● WHAT THIS TASK INVOLVES: From the first line to the last, print the material exactly, skipping the pictures.
RECORDED DATA section start
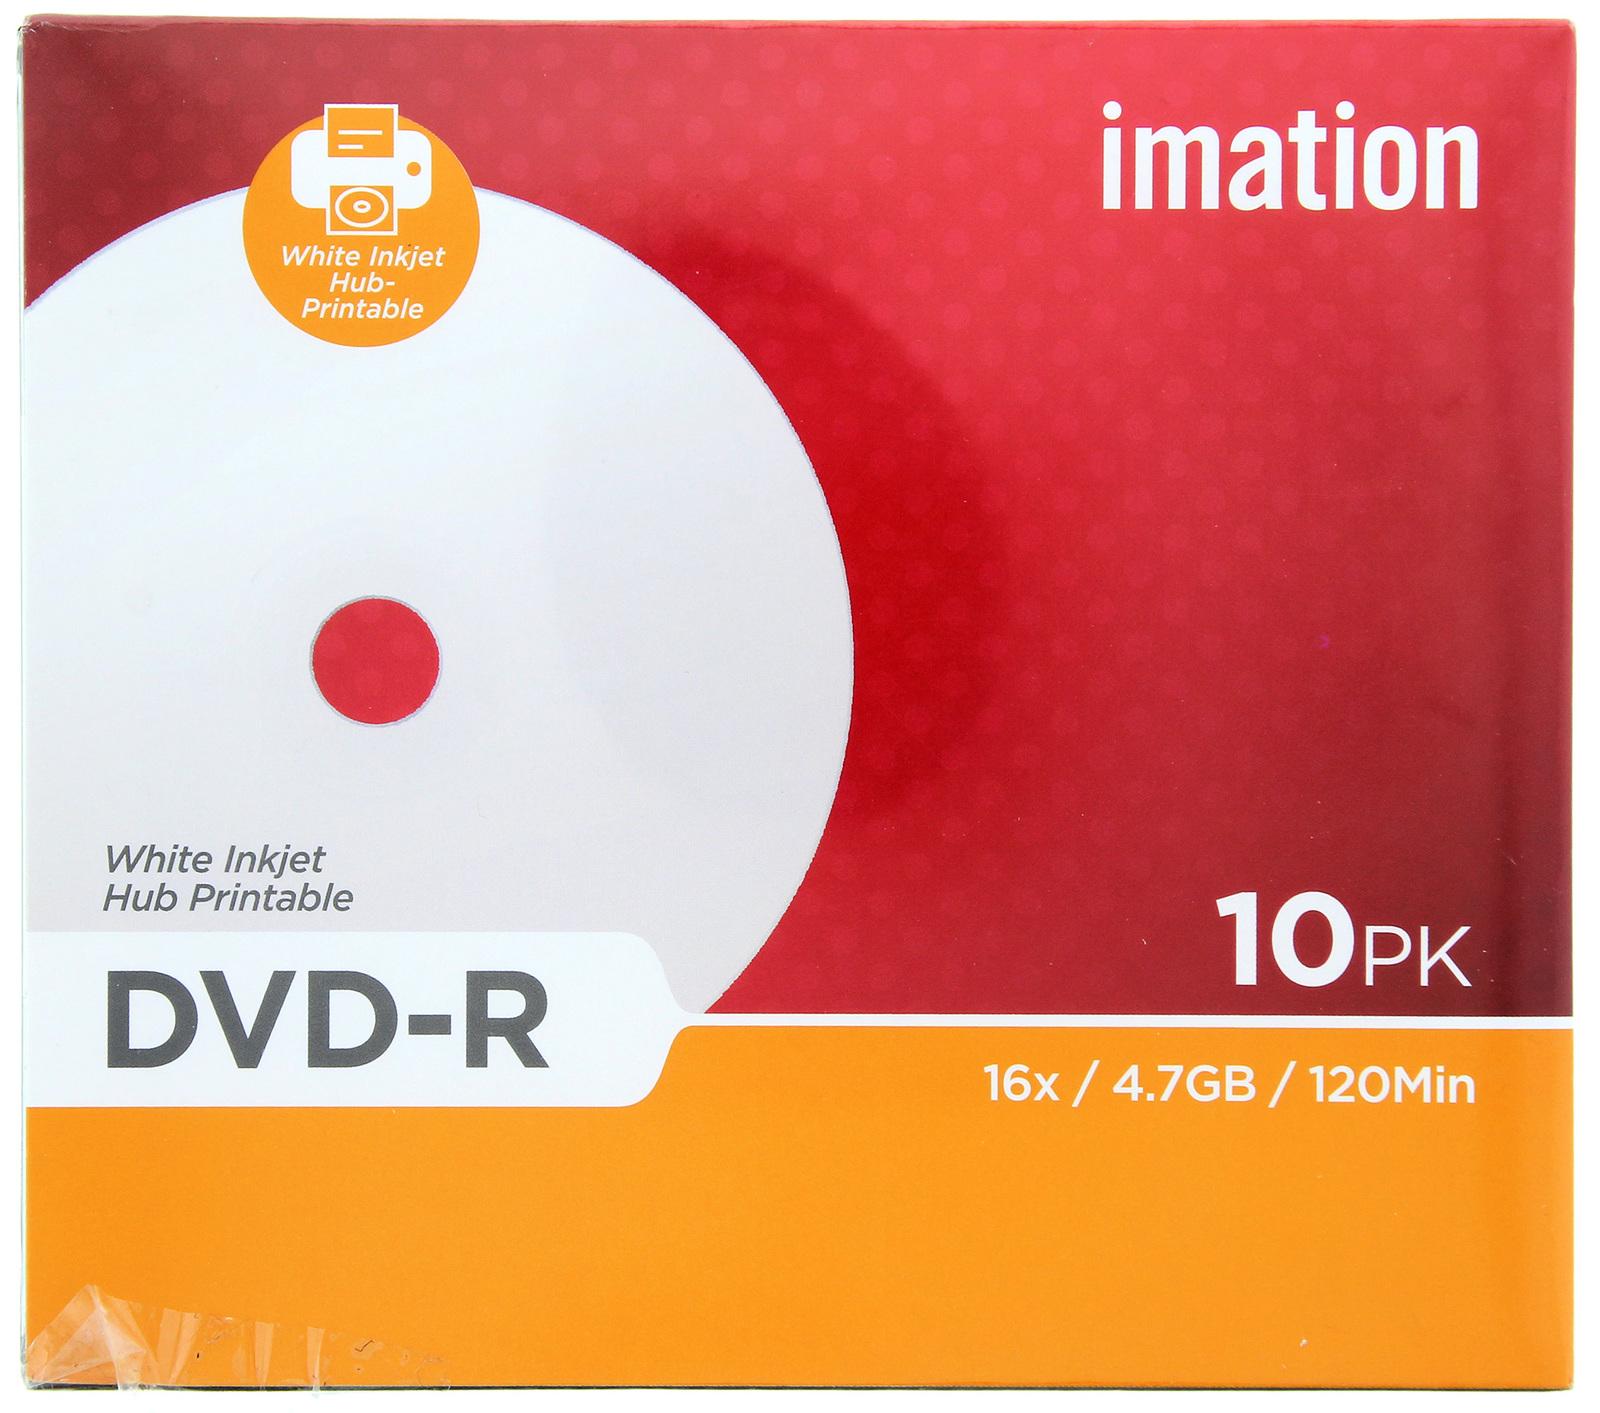 Imation Printable DVD-R 4.7GB 16X 10PK SLIM JEWEL image
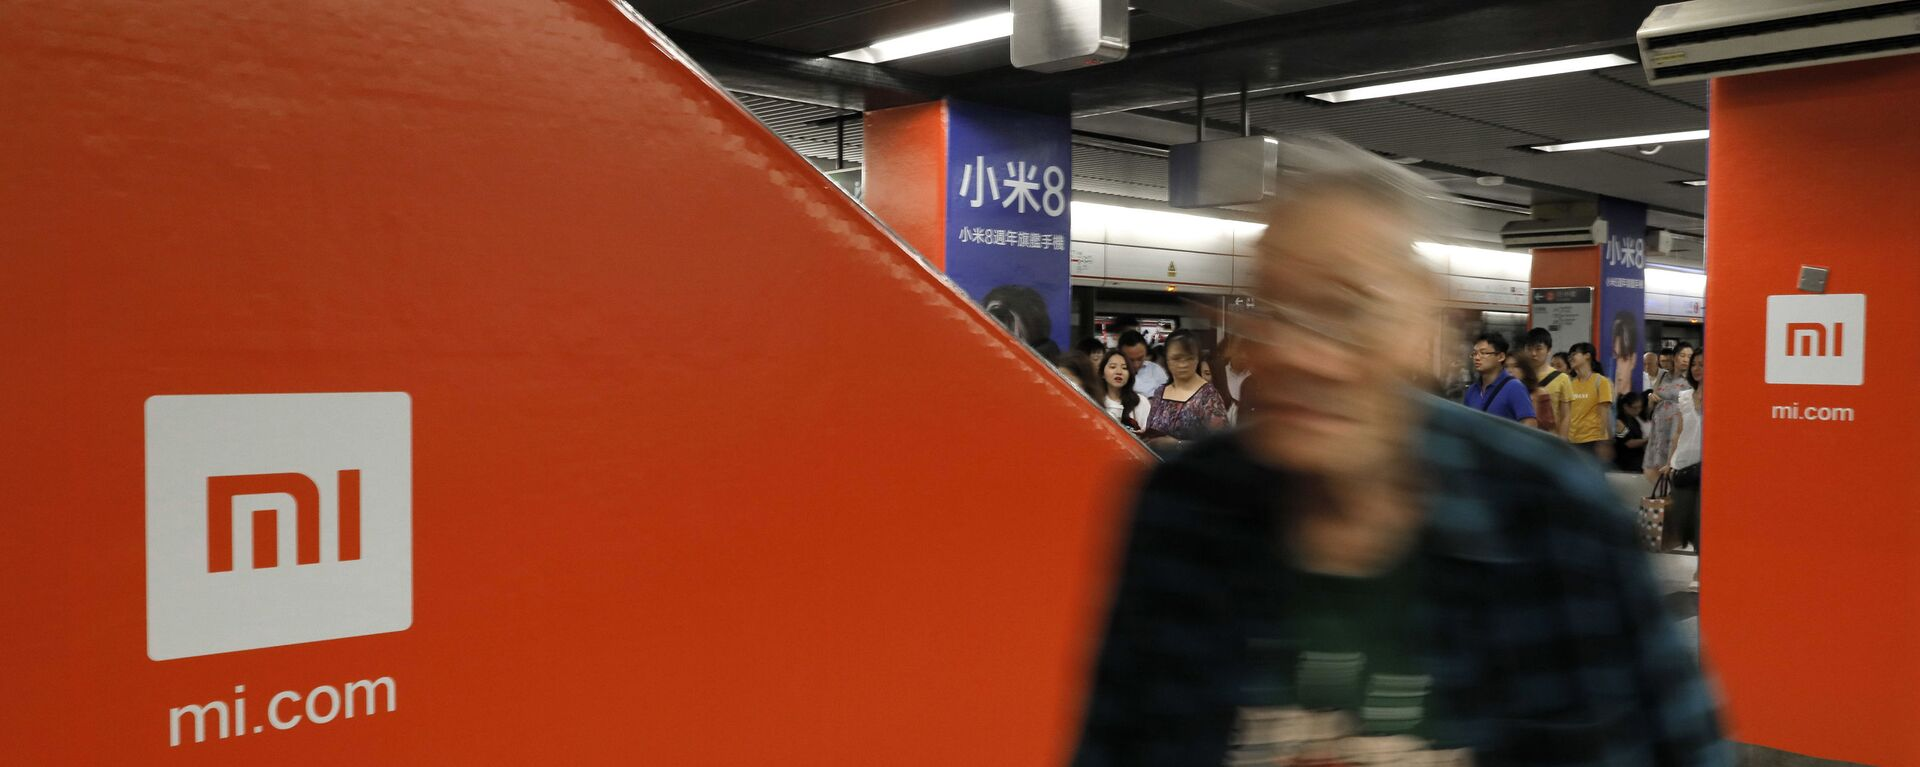 Pubblicità di Xiaomi a Hong Kong - Sputnik Italia, 1920, 30.03.2021
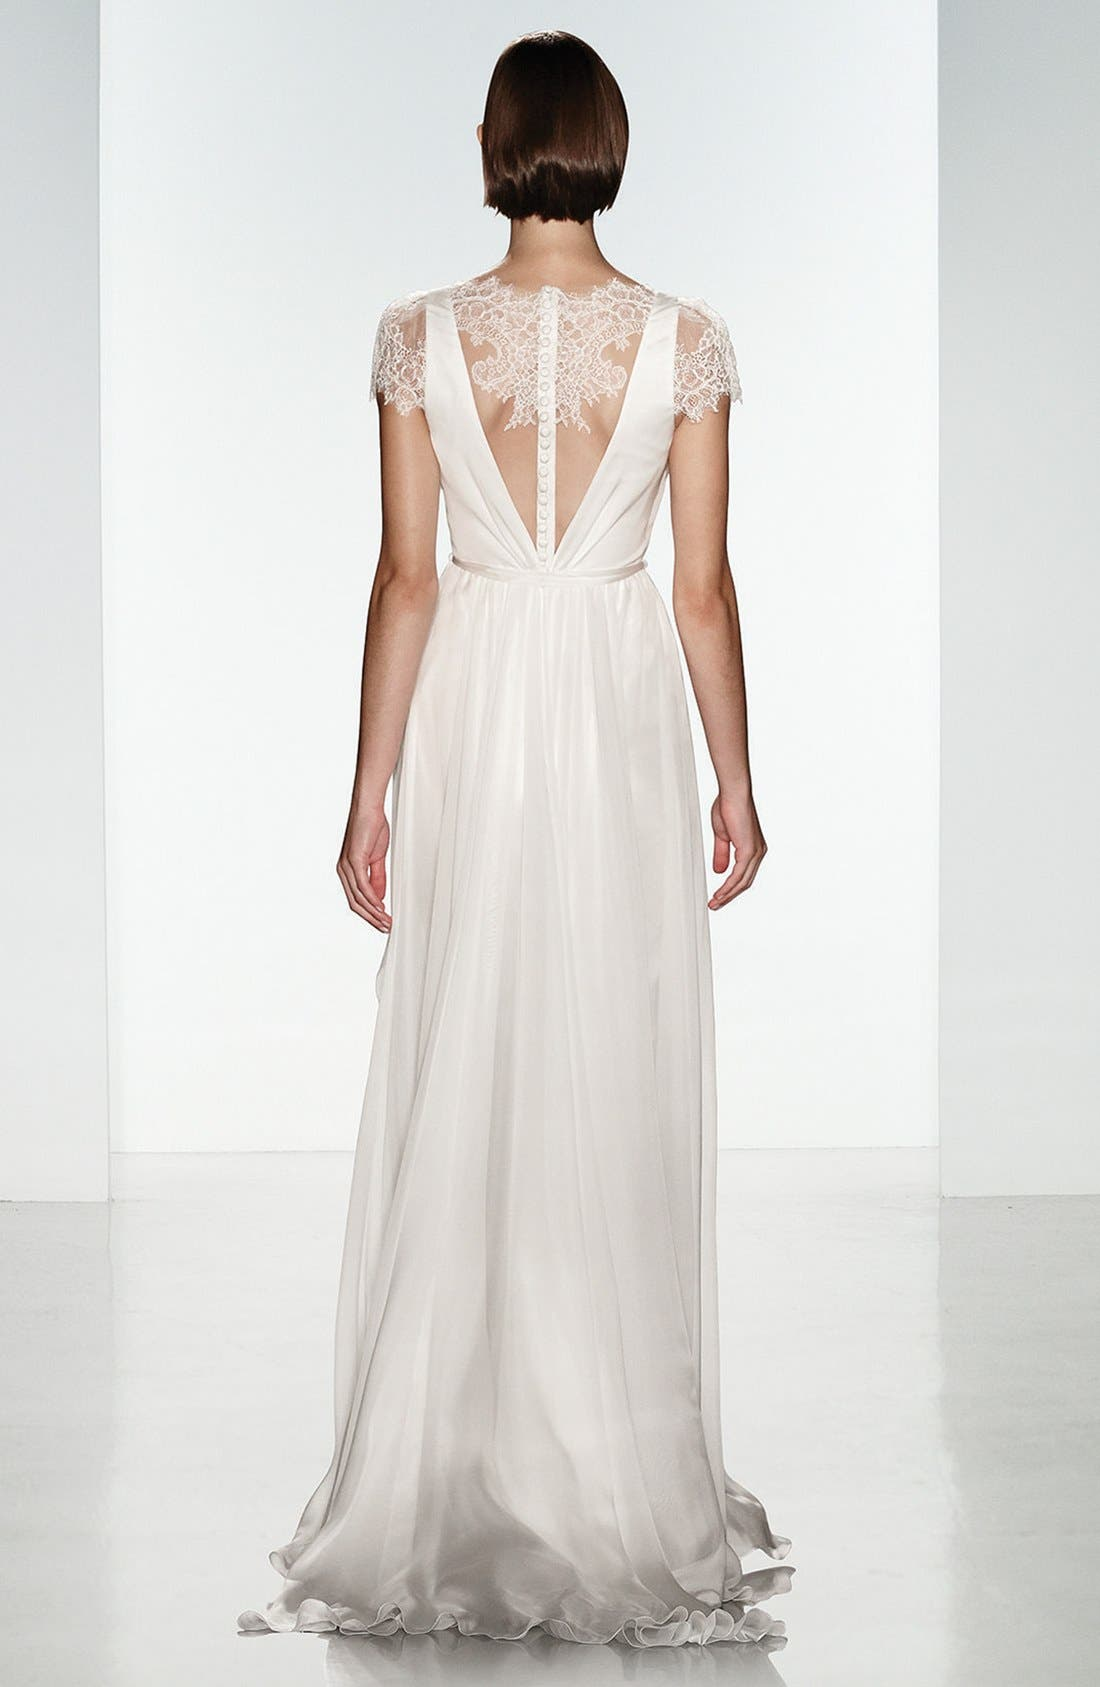 Lainee Silk Chiffon & Lace Cap Sleeve Gown,                             Alternate thumbnail 3, color,                             900
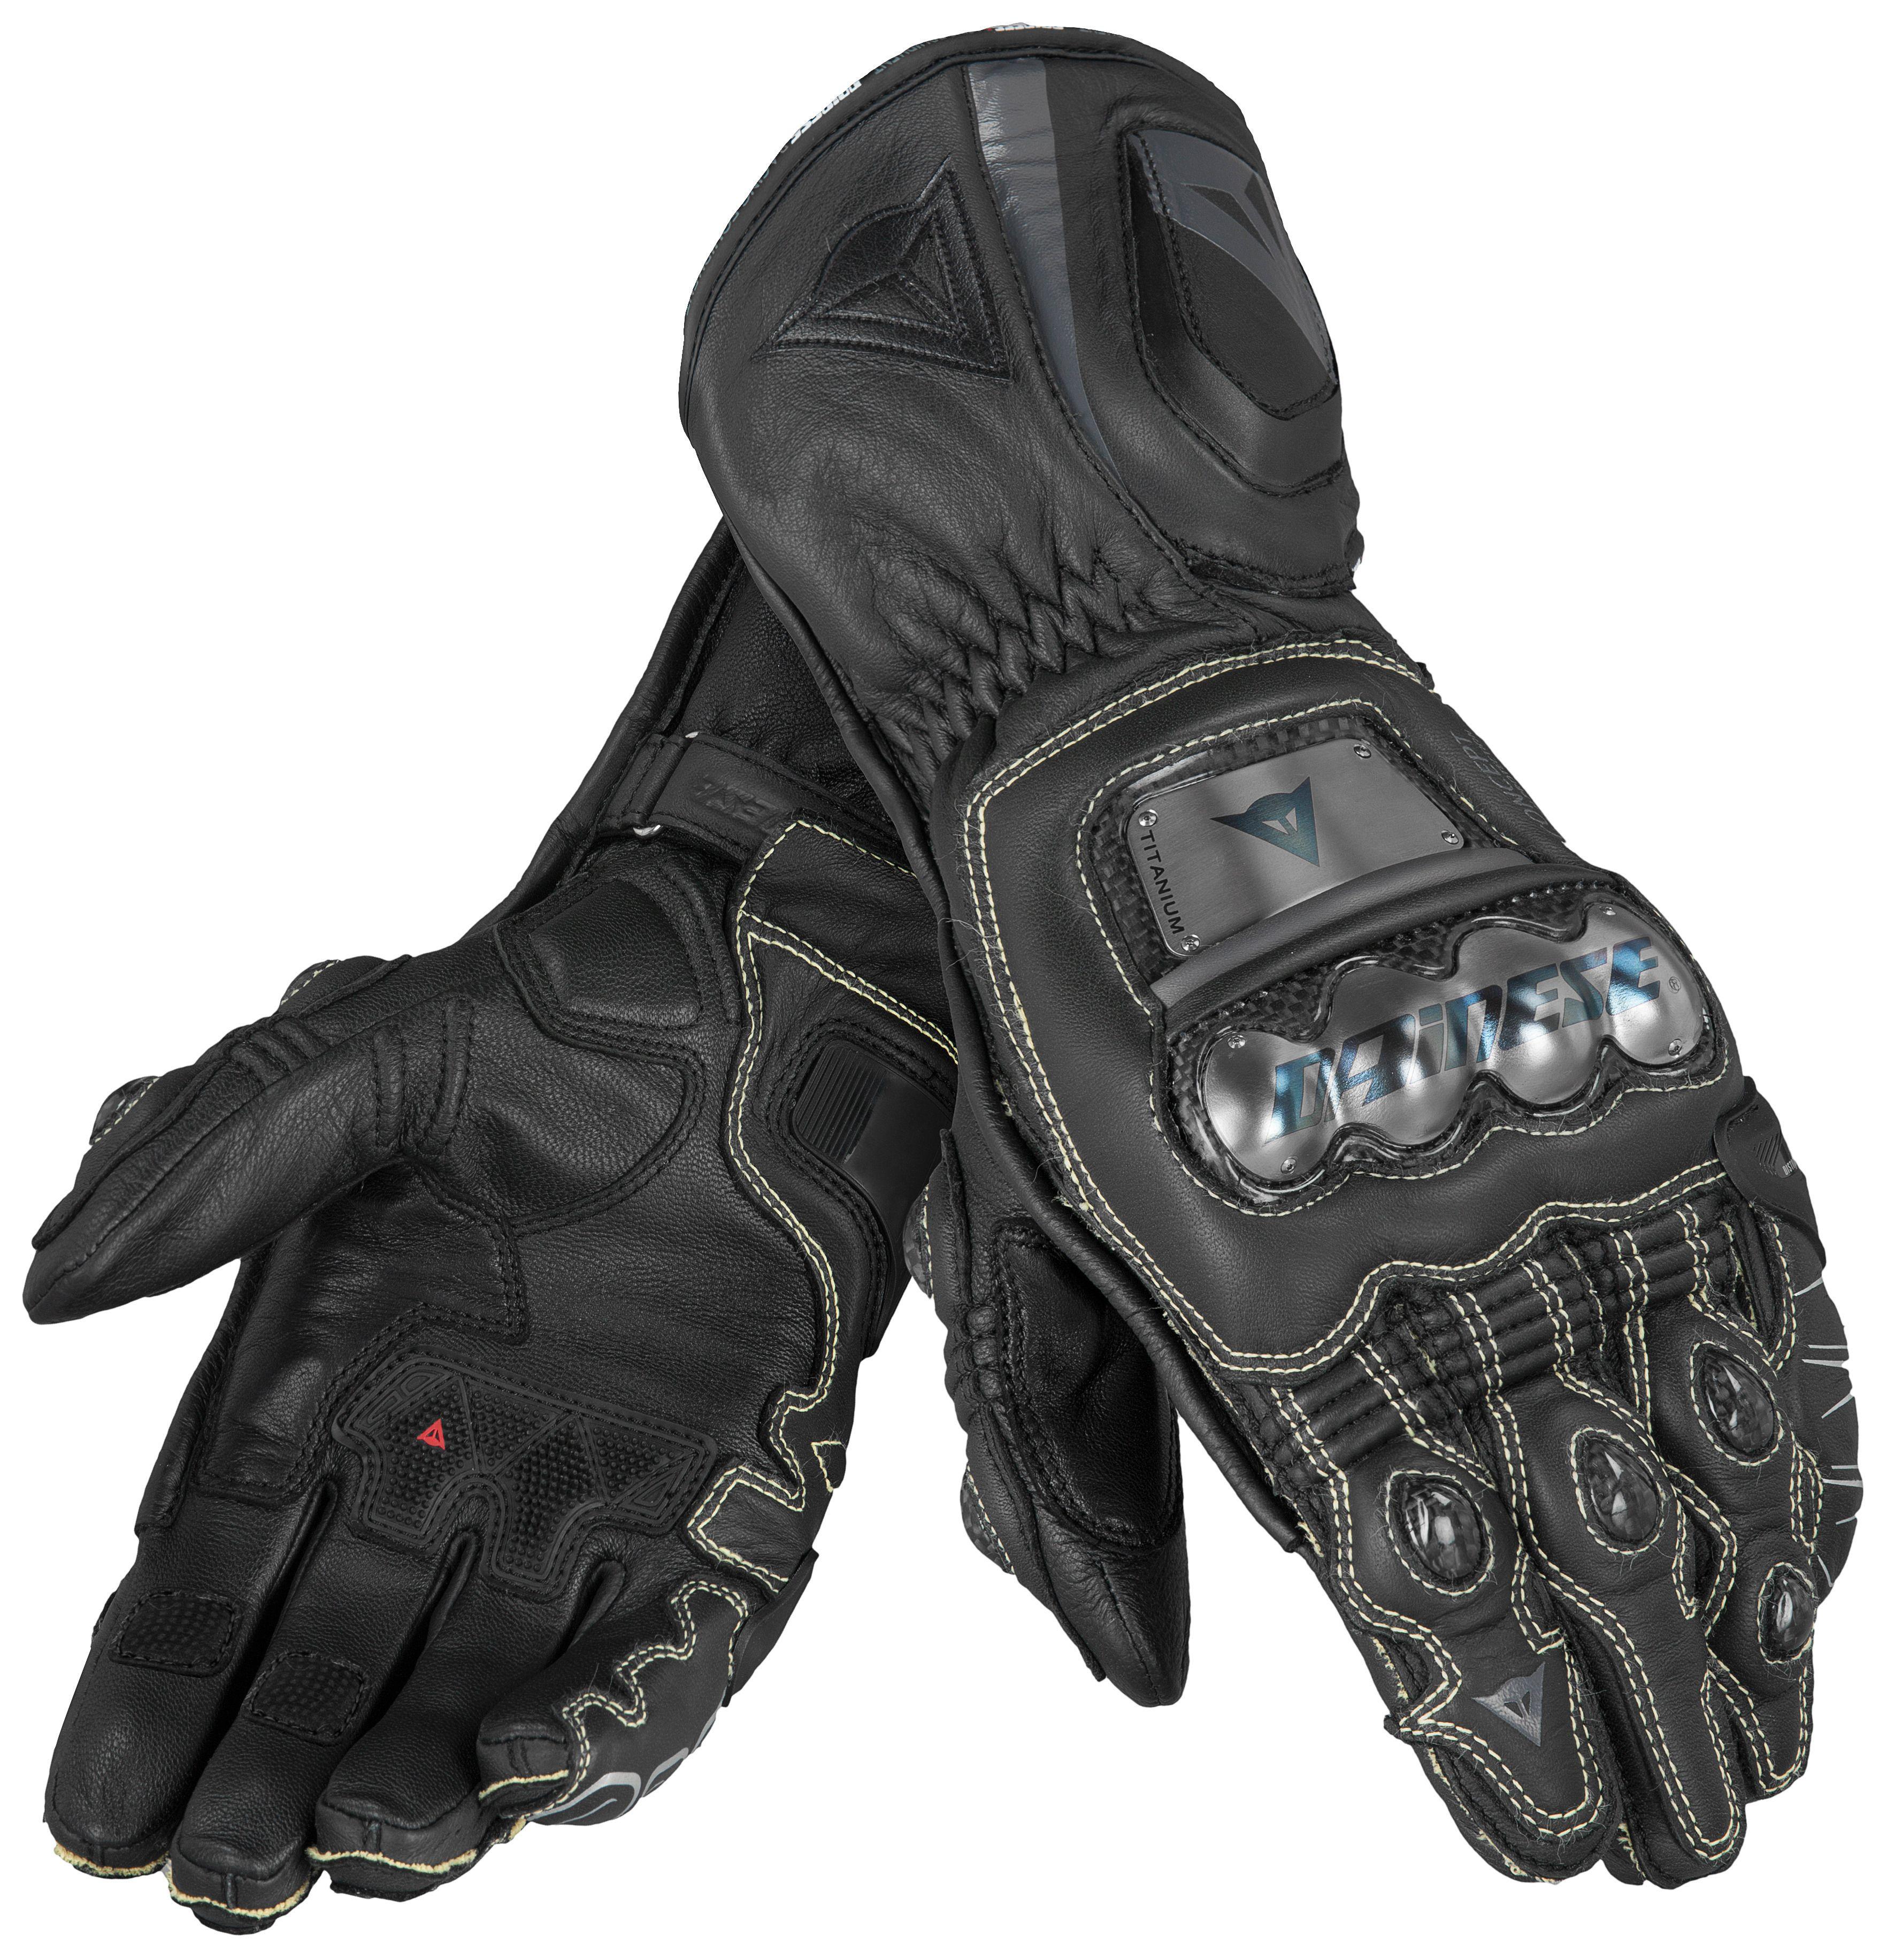 Dainese Full Metal D1 Gloves Revzilla
RECORDED DATA section end
● TASK OUTPUT:
 Imation Printable DVD-R 4.7GB 16X 10PK SLIM JEWEL image
 Pubblicità di Xiaomi a Hong Kong - Sputnik Italia, 1920, 30.03.2021
 Lainee Silk Chiffon & Lace Cap Sleeve Gown,                             Alternate thumbnail 3, color,                             900
 Dainese Full Metal D1 Gloves Revzilla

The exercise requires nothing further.